Let’s examine one more concept, best embodied by InSpec’s cloud provider resources.

Why would you need to test that a cloud provider’s setting has a certain value? Are you testing that Terraform did its job? Are you testing that a bit of automation for building up and tearing down cloud resources is working? Great, but something tells me you’re not telling the whole story.

Consider the following InSpec tests:

ec2_sg = 'sg-asdlkjasdflkj321iu21340' # some security group id
rds_sg = 'sg-23oiwqoj23lqwedasdlkj2' # some other security group id

describe aws_ec2_instance(name: 'web-server') do
  it { should exist }
  its('security_group_ids') { should include ec2_sg }

describe aws_security_group(rds_sg) do
  it { should exist }
  it { should allow_in(to_port: 3306, security_group: ec2_sg, protocol: 'tcp') }
  it { should allow_in(to_port: 3306, security_group: ec2_sg, protocol: 'udp') }

In case you aren’t fluent in AWS jargon, this means my virtual machine running my web service is whitelisted in the firewall to allow communication with my database over TCP or UDP on the database’s port 3306.

Instead of testing that the firewall rule, what if we just tested that we’re functionally able to connect from one host to the other?

db_username = 'root'
db_password = 'hunter2'
db_host = ''
db_port = 3306

sql = mysql_session(db_username, db_password, db_host, db_port)

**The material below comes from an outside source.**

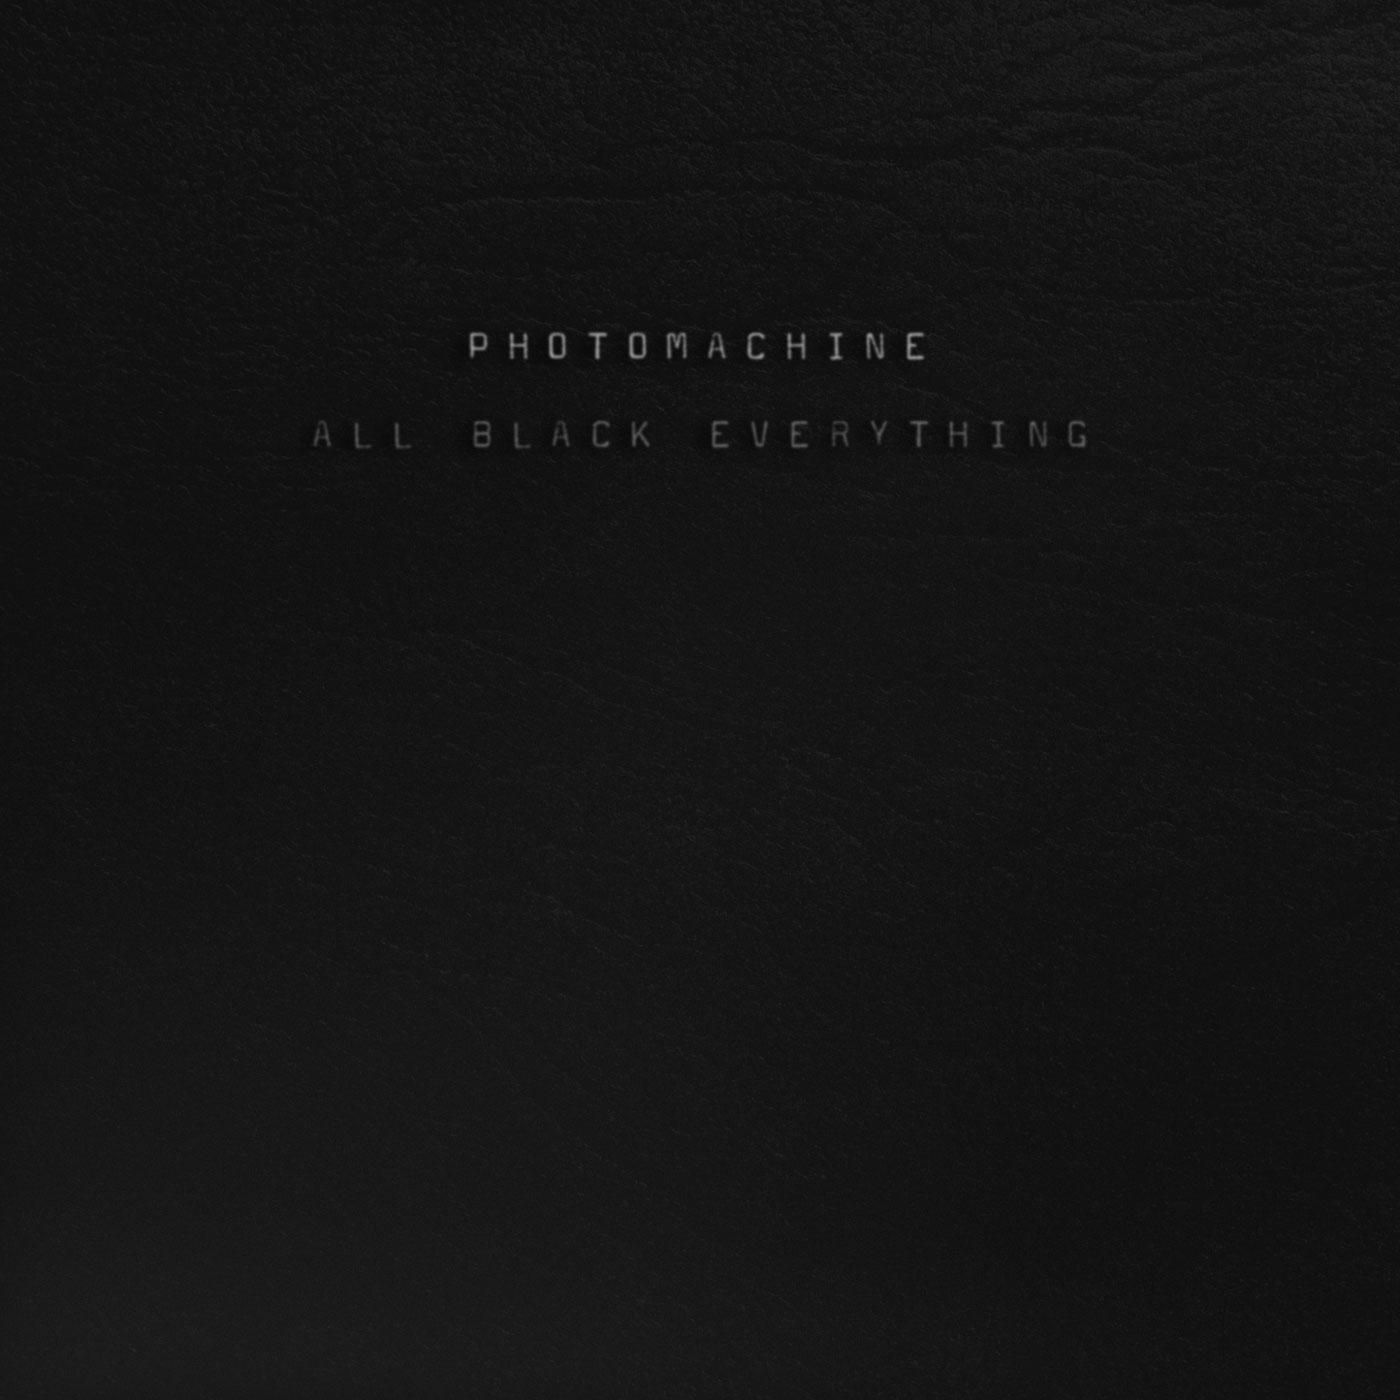 "PhOtOmachine/ALL BLACK EVERYTHING EP 12"""

describe sql.query('SELECT 1;') do
  it { should_not match(/Can't connect to .* MySQL server/i) }
  it { should_not match(/^error /i) }

What does this change really accomplish?

Let’s say some poor engineer working for Amazon pushes some bad code. This bad code disregards your settings and changes the actual port for a few RDS instances to be listening from 9999 instead. What happens with our tests from earlier? All green! Why? Because we’re testing the settings, not the functionality.

The same goes for if AWS has an unexpected outage. Why is my web service suddenly failing, despite all of my infrastructure being configured correctly? Oh because I’m only checking that I’ve told it the right thing, not that it’s doing the right thing.

Not to rip on cloud providers, but the same concept is found in testing, say, an IOS router by Cisco. I might write a test that confirms its config commands output something in particular. Is checking the output helpful? Maybe, but we’re not actually testing that packets get routed to their proper destination.

Let’s focus on the end goal instead of being so myopic to how we arrive at that goal.